DATASET EXTRACT Start Marker

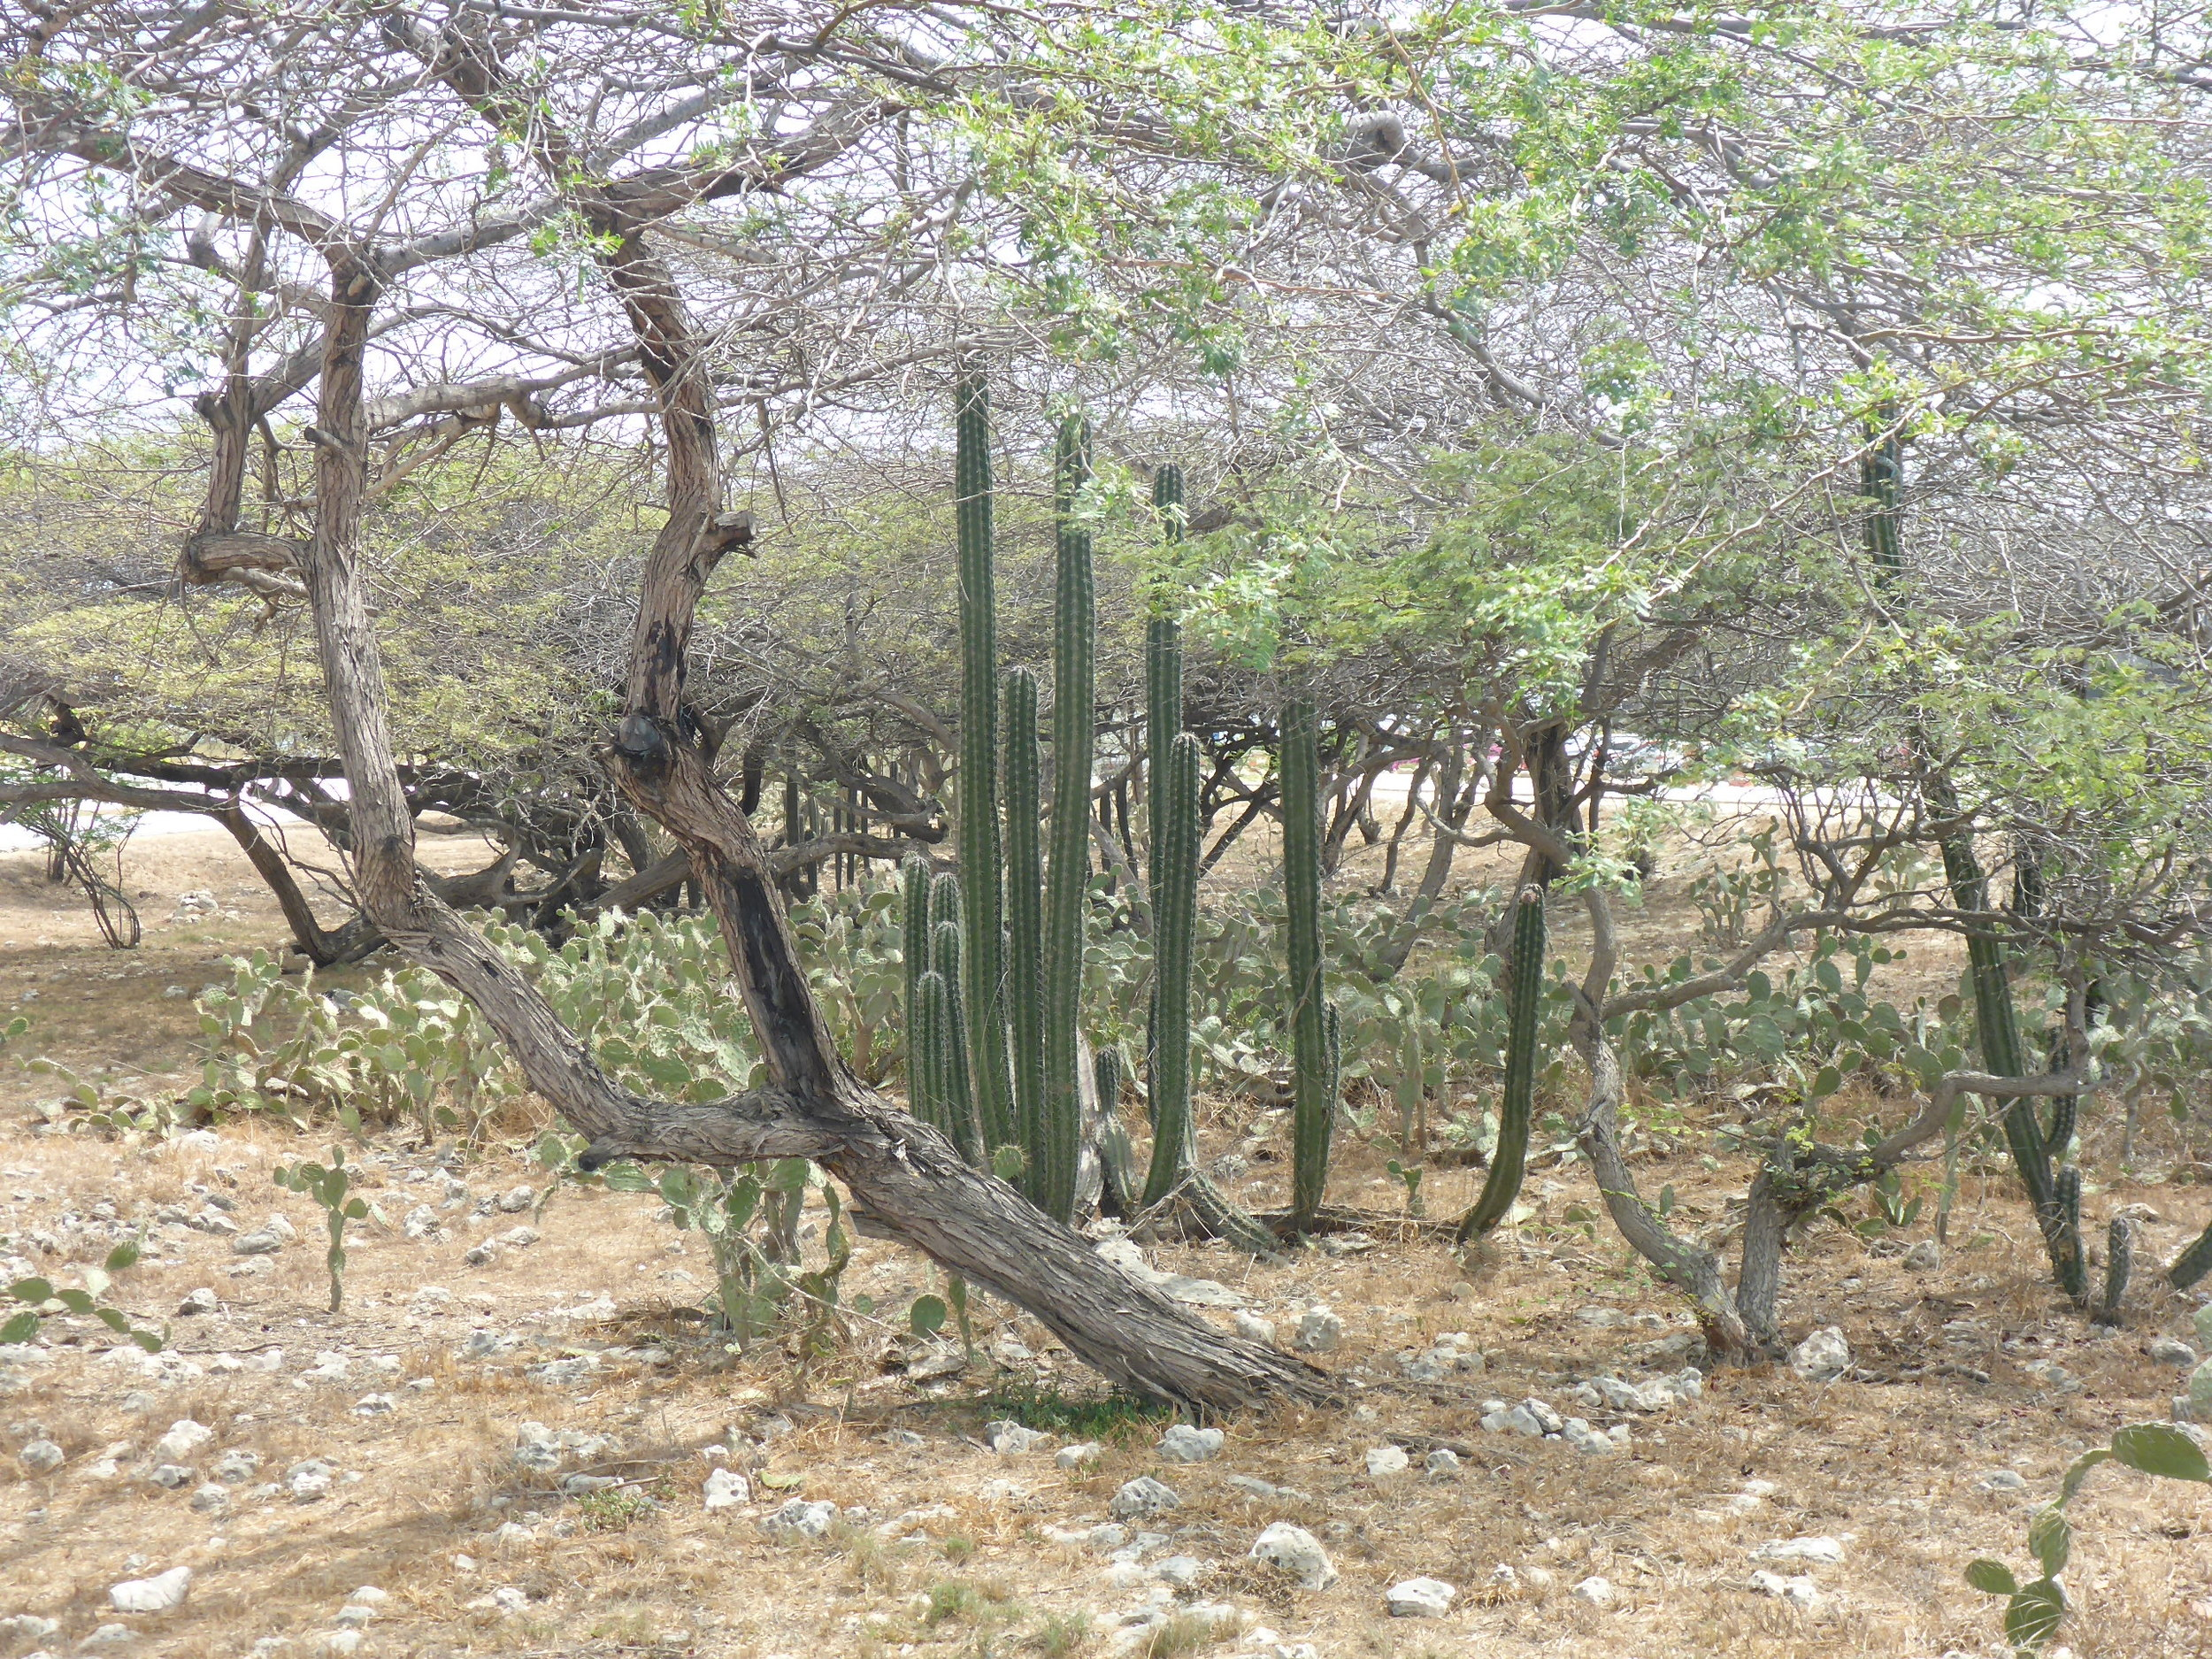 Aruban scrub - cacti and acacias
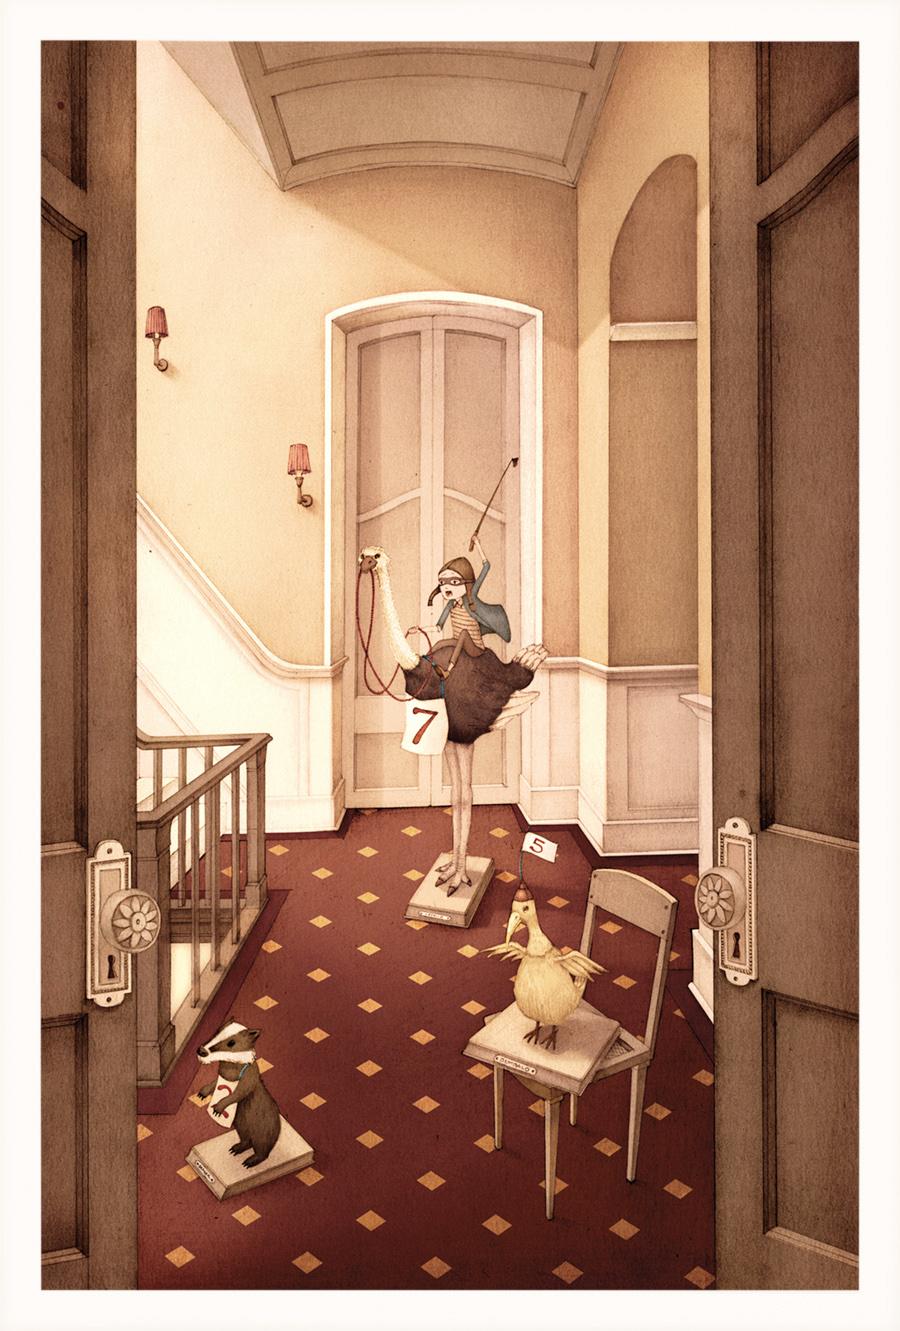 Nicholas Gannon / The Doldrums / The Ostrich
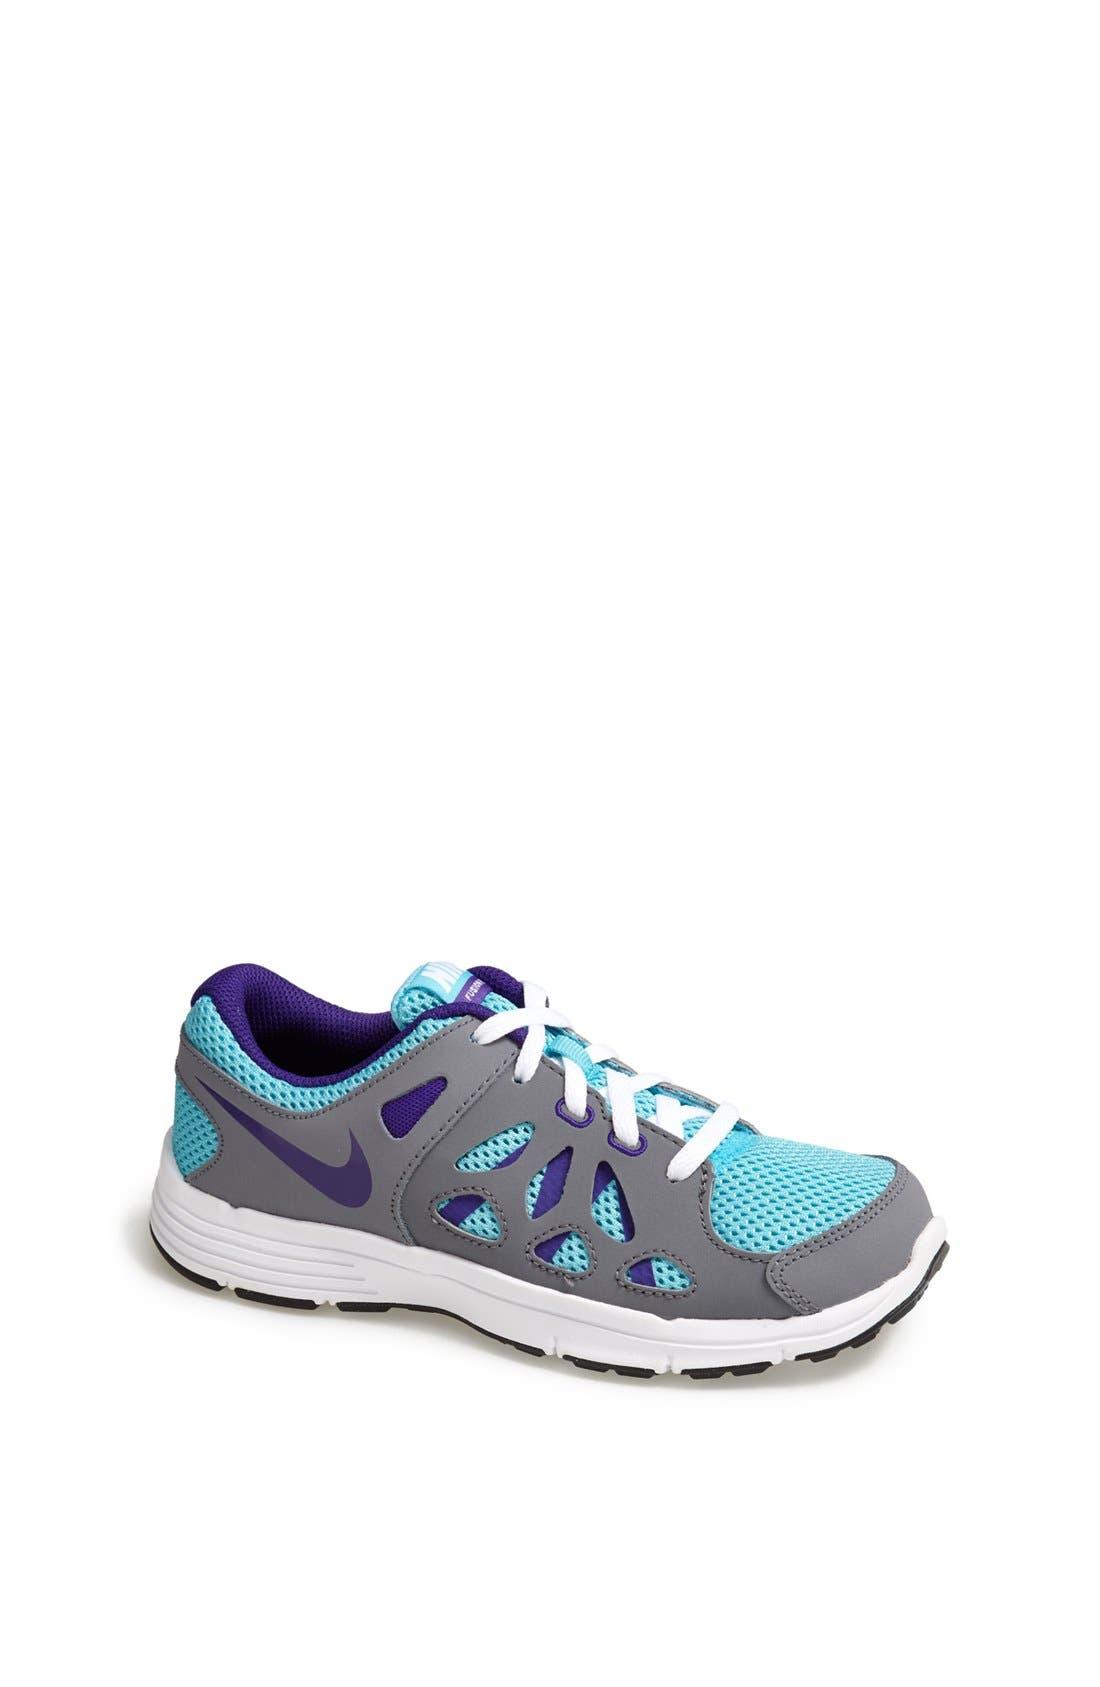 Main Image - Nike 'Fusion Run' Athletic Shoe (Toddler & Little Kid)

DATASET EXTRACT End Marker

Output the full material above exactly, leaving every picture out.

 Aruban scrub - cacti and acacias
 Nicholas Gannon / The Doldrums / The Ostrich
 Main Image - Nike 'Fusion Run' Athletic Shoe (Toddler & Little Kid)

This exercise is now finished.